Source data are available online for this figure.
Figure 1
Figure 1. PWWP2A is a novel H2A.Z mononucleosome binder
  1. A

    Heatmap of significant outliers from pull‐downs analyzed by label‐free MS‐based proteomics with mononucleosomes derived from Skmel‐147 (two independent experiments: SK1 and SK2; see also Vardabasso et al, 2015 for first replicate) or HeLaK (HK) cells stably expressing GFP‐H2A (H2A), GFP‐H2A.Z.1 (Z.1), or GFP‐H2A.Z.2 (Z.2), normalized to H2A. Scale bar: log2‐fold. See also Fig EV1A–E for details on experimental procedure and verification of results, and Datasets EV1, EV2 and EV3 for detailed lists of H2A.Z‐binders.

  2. B

    Immunoblotting of SRCAP complex‐specific member ZNHIT1 upon SK‐mel147 GFP, GFP‐H2A, GFP‐H2A.Z.1, or GFP‐H2A.Z.2 mono‐IPs. GFP served as control.

  3. C, D

    Immunoblotting of different histone PTMs (C) or PWWP2A (D) upon GFP, GFP‐H2A, GFP‐H2A.Z.1, or GFP‐H2A.Z.2 mono‐IPs. Notice the different sizes of endogenous PWWP2A protein (see also Figs EV1H and EV4C), possibly due to different modifications.

  4. E

    Immunoblots of GFP‐H2A.Z.1 or GFP‐PWWP2A mono‐IPs detecting endogenous H3, H2A, or H2A.Z. Notice enrichment of H2A.Z in comparison with H2A in GFP‐PWWP2A pull‐down. See also Fig EV1F–H for generation and characterization of GFP‐PWWP2A cell lines and endogenous pull‐down.

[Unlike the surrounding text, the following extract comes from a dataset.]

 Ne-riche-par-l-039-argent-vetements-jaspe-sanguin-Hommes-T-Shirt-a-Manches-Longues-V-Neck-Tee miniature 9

Source data are available online for this figure.
Figure 2
Figure 2. Two separate internal regions of PWWP2A confer nucleosome binding and H2A.Z‐specificity

  1. Pull‐downs of GST or GST‐PWWP2A with mononucleosomes (input) derived from HeLaK cells. Precipitated recombinant GST proteins and histones are detected with Coomassie blue staining and H2A and H2A.Z with specific antibodies in immunoblots. * indicates right sizes of purified and precipitated GST and GST‐PWWP2A.

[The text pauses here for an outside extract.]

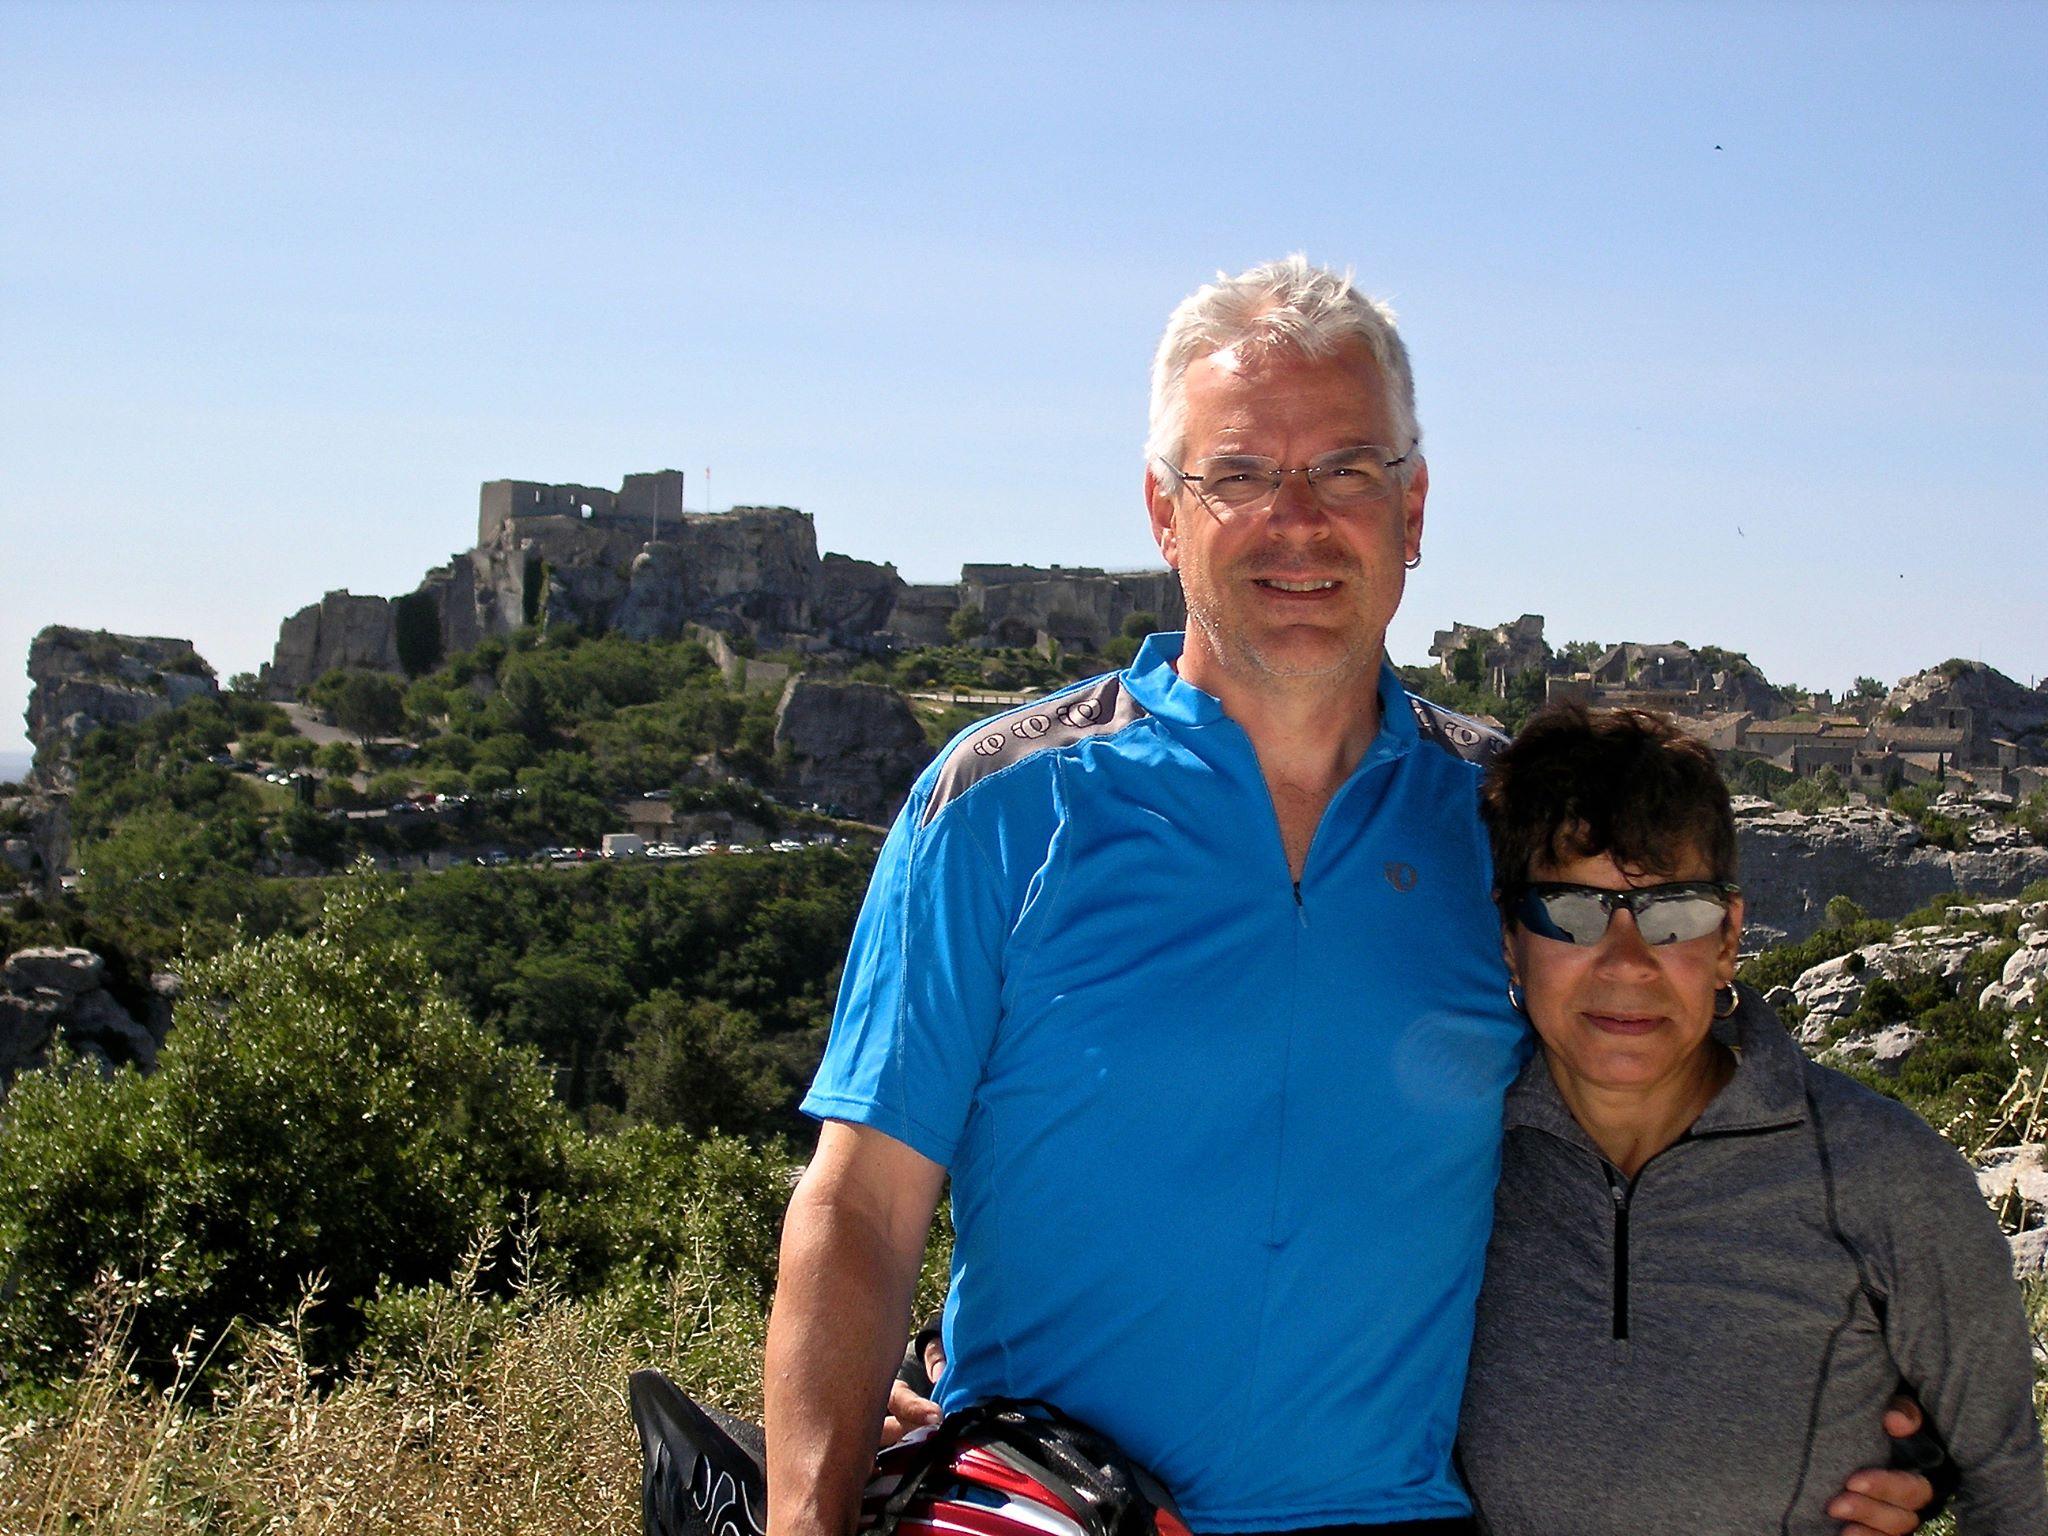 Bob and wife, Maria, in Les Baux de Provence

  2. Immunoblots of GST‐PWWP2A IPs with mononucleosomes derived from HeLaK cells stably expressing GFP‐H2A (H2A), GFP‐H2A.Z.1 (Z.1), or GFP‐H2A.Z.2 (Z.2).

  3. Representative competitive EMSA using recombinant H2A (bottom)‐ or H2A.Z (top)‐containing nucleosomes incubated with indicated increasing concentrations of GST‐PWWP2A. GST alone served as negative control. * indicates nucleosome; ** indicates nucleosome‐GST‐PWWP2A complex.

  4. Schematic representation of recombinant GST‐tagged PWWP2A and PWWP domain deletion (ΔPWWP) and PWWP domain only (PWWP)‐containing constructs (top) used in cell‐derived mono‐IPs followed by Coomassie staining and immunoblotting (bottom). * indicates respective GST proteins. Notice that both the PWWP domain alone as well as the PWWP‐deletion protein are able to interact with nucleosomes, indicating at least two independent nucleosome binding sites within PWWP2A.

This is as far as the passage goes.